Die Artefakte bei ATI-Tool sind ein deutlicher Fakt...


----------



## Jan-Frederik Stieler (13. April 2007)

Okay dann muß ich mich wohl damit abfinden. Wenn ich mir jetzt eine kaufen muß was würdet ihr mir den empfehlen? Hab aber leider noch kein PCIE auf meinem Board.
Wäre auch einer NVIDA nicht abgeneigt, eigentlich sogar eher zugeneigt nach dem Mist mit der ATI Karte jetzt. Ist die erste in einer Reihe Grafikkarten die mir abgeraucht ist.


----------



## Raubkopierer (13. April 2007)

Also die beste Nvidia-Karte die es gibt ist die Geforce 7950GT... die preiswerteste Variante dieses Chips kostet bei Alternate.de momentan 222€
Und ist technisch gesehen auch besser als eine ATI-Karte zum gleichen Preis.. besonders was die Pixelpipelines betrifft...


----------



## michaelwengert (13. April 2007)

Meine Radeon 9800 hatte damals genau das selbe Problem.
Auch erst nach Ablauf der Garantiezeit..
Hatte auch nicht übertaktet oder so.

Hab mich dann damit abgefunden und halt ne neue gekauft


----------



## Jan-Frederik Stieler (13. April 2007)

Die Geforce 7950GT hat aber doch einen PCIe Anschluß wenn ich das jetzt richtig gesehen habe und das unterstützt mein Motherboard noch nicht.
Die Frage die sich mir auch imemr stellt ist welchen Chipsatzherrsteller man den am besten  für die jeweilige GK wählt?

Gruß


----------



## Raubkopierer (13. April 2007)

Der Hersteller ist eigentlich egal... kommt drauf an, welcher Chip, wie schnell, mit wiviel Pipes verbaut ist und welche Speicherart genutzt wird...

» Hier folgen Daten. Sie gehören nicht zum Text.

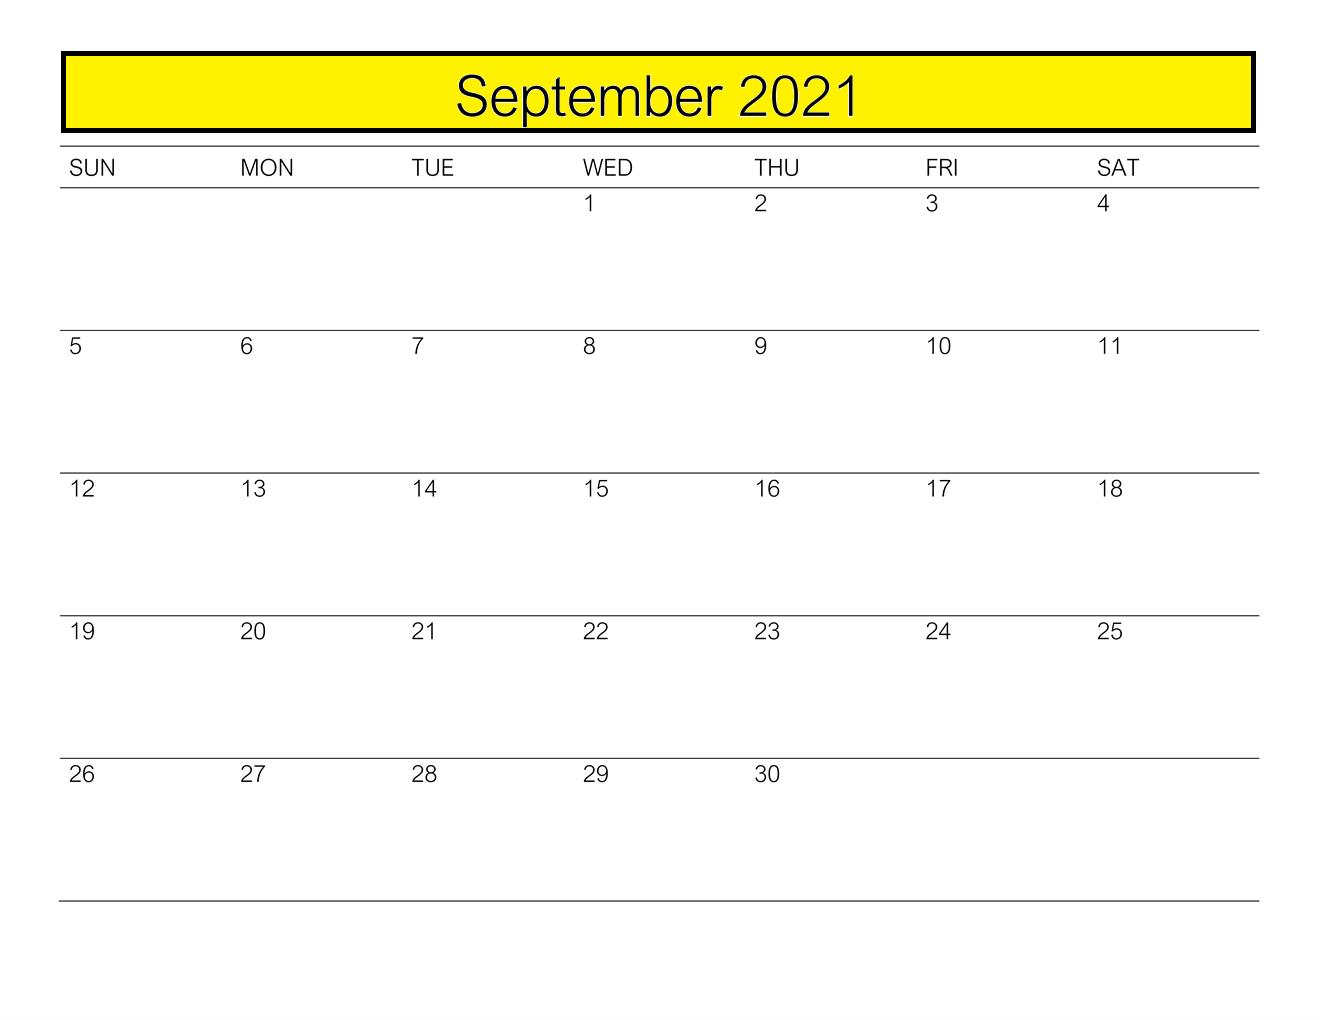 September 2021 Calendar With Holidays India

nd es gibt die Geforce 7950GT für AGP... einmal mit 256MB und einmal mit 512MB VRAM

Allerdings solltest du die Karte anhand deiner CPU aussuchen... eine gute Karte bringt nicht viel, wenn die CPU zu langsam ist um die Spiele, die mit der Karte möglich wären, auch zu nutzen... deswegen hier eine Liste an der du dir eine Karte aussuchen kannst, die deinen Ansprüchen genügt.


----------



## Jan-Frederik Stieler (13. April 2007)

Hab auch grad die Geforce 7950GT als AGP gefunden. Also hab einen P4 HT 3,2GH und 1GB Ram also daran dürfte es eigentlich nicht scheitern. Gut etwas mehr Ram könnte ich gebrauchen aber kostet halt auch Geld  .
Das schöne an der Radeon war halt auch das sie einen Videoeingang hatte und noch einen VGA Ausgang. Hab nämlich hier noch CRT Monitore stehen.
Was sagt ihr den zu dem Texturflimmer Problem der Geforce 7950GT?
Mir ist jetzt grad auf eienr der testseiten noch die Radeon X1950 aufgefallen. Was haltet ihr von dieser?

Gruß


----------



## Raubkopierer (13. April 2007)

Ich bin schon von vornherein für die Nvidia-Karten und werd es auch immer sein...
Aber bei AGP-Karten ist eben die x950 recht gut dabei... teilweise technisch minimal besser als die Nvidia 7950GT... Es bleibt im Endeffekt dir überlassen welchen Hersteller du wählst...


----------



## Jan-Frederik Stieler (13. April 2007)

also nachdem ich gelessen habe das einige mit der x1950 die gleichen Proble wie ich grad mit der Radeon 9800 habe ndenke ich ich werde mir mal wieder eine Nvidia zulegen.
Wie stark ist den der Unterschied von 20 auf 24 Pipelines zu werten?
Auf den Preis wirken sich die 4 Pipelines mit ca 50 Euro zwischen einer Gainward und einer XFX.
Also hab die gainward jetzt mit einem Preis von 207 Euro gefunden die XFX für 250 Euro. Dagegen ist jedoch auch dei Radeon um einiges Billiger (174 Euro)
Das ist echt Mist wenn man auf den Preis achten muß.
Ich denke ich werd da nochmal drünber schlafen.

Viele Grüße


----------



## Raubkopierer (13. April 2007)

Du wirst feststellen, dass die x950 schlechter ist, wenn sie sich nicht im gleichen Preisspektrum bewegt... der Unterschied von 20 auf 24Pipes ist minimal... oft kann man die 4 fehlenden einfach freischalten, da sie dennoch vorhanden sind.


----------



## Jan-Frederik Stieler (13. April 2007)

Also das ist die x1950 und nicht die x950. In verschiedenen Hardwareberichten werden diese beiden Karten aber mit einander verglichen und da schneidet die Radeon meist besser ab wegen der besseren Filterqualität und dem eingeschalteten AA und HDR. Bei der Nvidia hat man halt Probleme beim Filtern.


----------



## Raubkopierer (13. April 2007)

naja... Nidia hat aufwendigere Effekte meines Wissens... und ich meinte die x1950... 1 vergessen 
Und ich hab ja gesagt, dass es deine Entscheidung ist... Nvidia ist im Allgemeinen besser nur bei AGP hat eben ATI die _etwas_ besseren Karten...


----------